American pastor, author, and nonprofit executive

Sarah Jakes Roberts (born 1988) is an American pastor, author, and nonprofit executive who has served as the co-pastor of The Potter's House in Dallas since 2025. She also writes books and has run a nonprofit called Women Evolve. In 2026, she fractured her neck in a trampoline accident. She was named to the Time 100 Next in 2023.

==Biography==
Roberts was born to Pastor T. D. Jakes and his wife on July 17, 1988. She was born in West Virginia but grew up in Dallas. She became a teen mom at age 14. Her father would later use this as an example of how "struggle can make you strong". She finished high school early and then attended Texas Christian University, where she met her first husband, the linebacker. They were married for four years, but divorced due to infidelity. She also began creating blogs in 2010. She worked as a waitress in a strip club.

During this time, unexpectedly to her, though, her blogs began to gain popularity and she was frequently invited as a motivational speaker. Additionally, she created her own podcast.
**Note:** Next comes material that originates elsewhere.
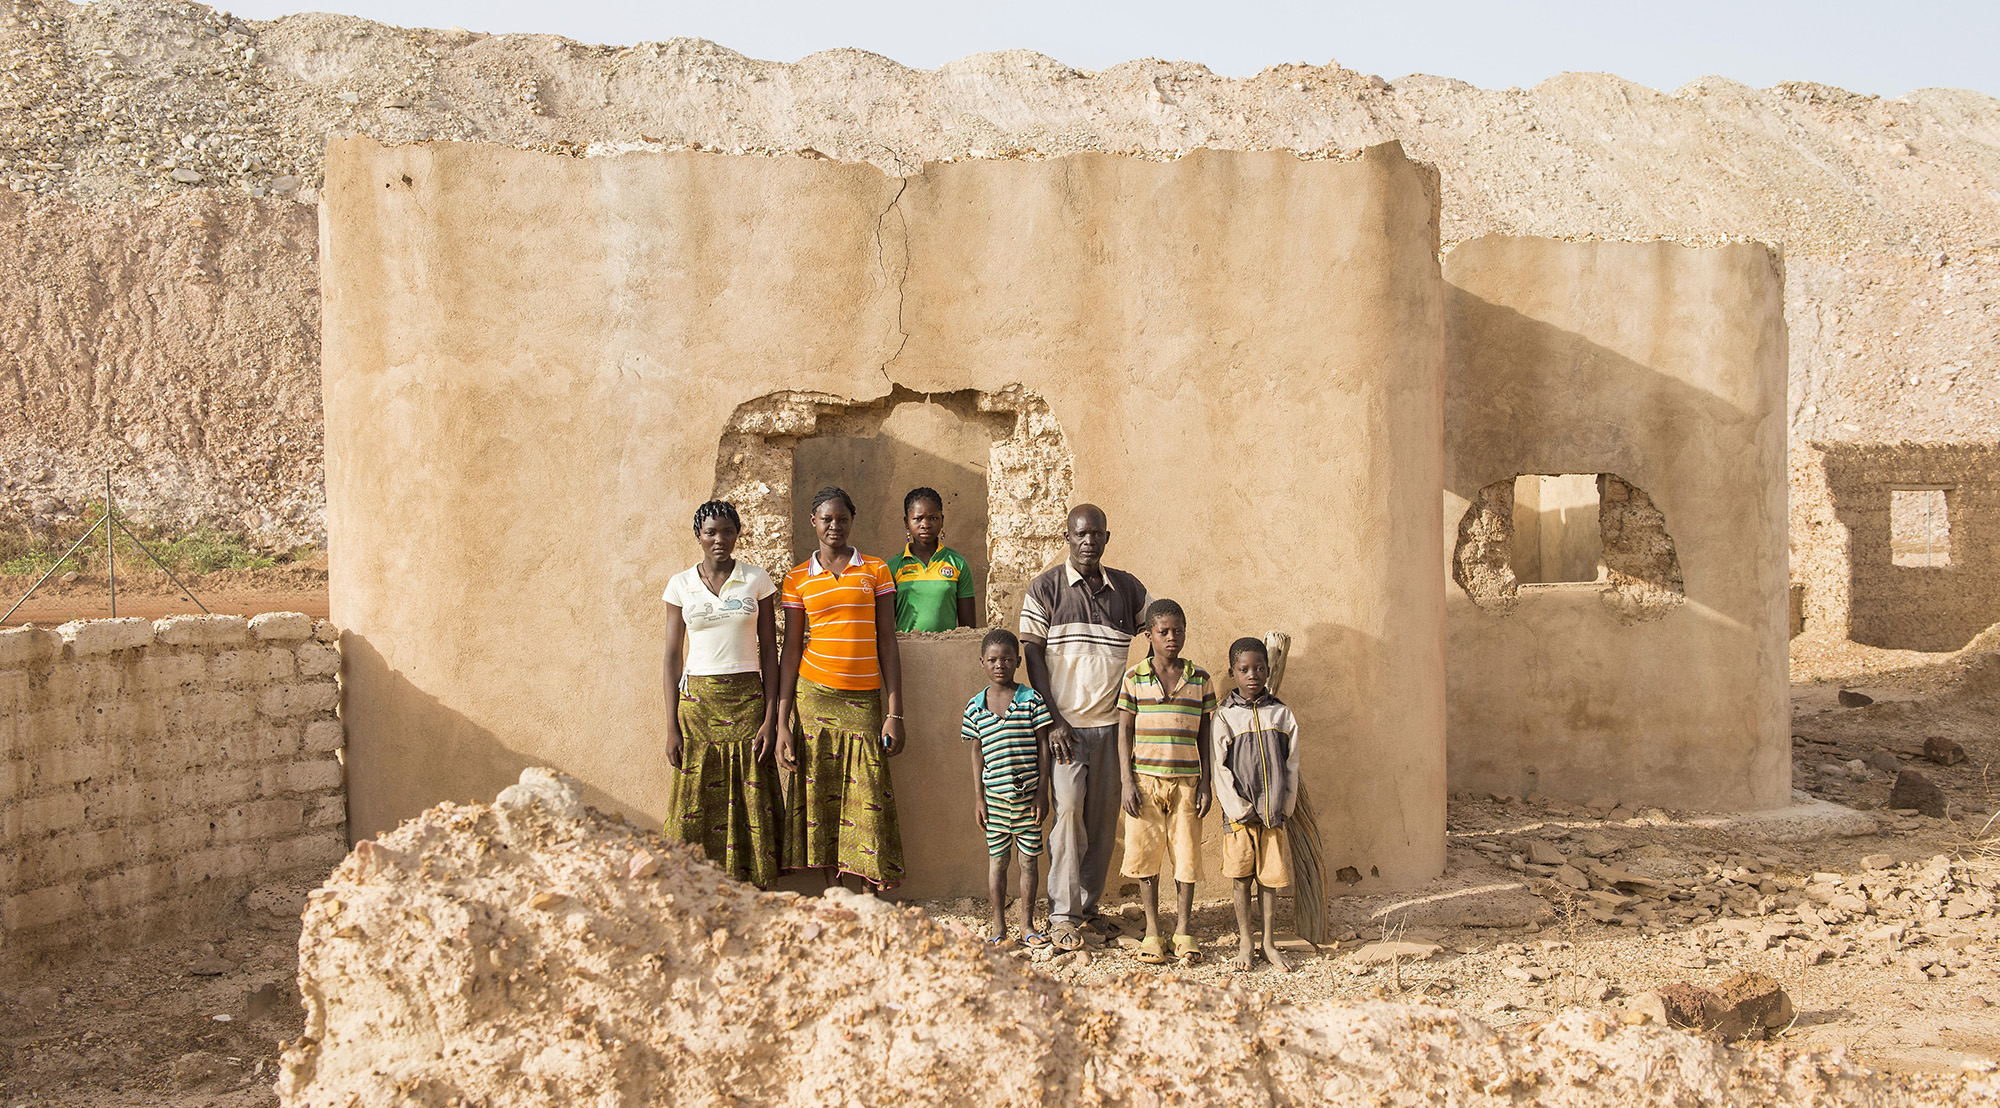 Goldabbau in Burkina Faso: Profit vor Menschenrechte?

In 2014, she met Touré Roberts, who would go on to become her second and current husband. He invited her to give a sermon at his church on Mother's Day 2014, not realizing that that would be her first ever sermon, but it was rated positively. She went on to go on preaching tours. During her preaching tours, she included a trauma therapist. In one instance, she removed her wig during a sermon. She also visited churches in other locations, including Nigeria.

She served as co-pastor of two of the branches of The Potter's House together with her husband, those in Denver and Los Angeles. These churches went online in March 2020 and remained so permanently. They became assistant pastors at the main church in Dallas in 2023.

In 2022, her father anointed her to succeed him in his women's empowerment focused mission. She had previously founded her own nonprofit in the space, Women Evolve, in 2017, which she remained with for her own women's empowerment mission. She expanded it to include books, a podcast, and an annual conference, of which notable attendees have included Kelly Rowland and Tina Knowles. It also includes a fashion line, which she has stated as showing "you can slay and pray all at the same time". Conferences frequently draw tens of thousands of attendees, and emphasize evolution and purpose, as well as shattering the glass ceiling and women supporting women. She utilizes Eve as a metaphor for moving forward.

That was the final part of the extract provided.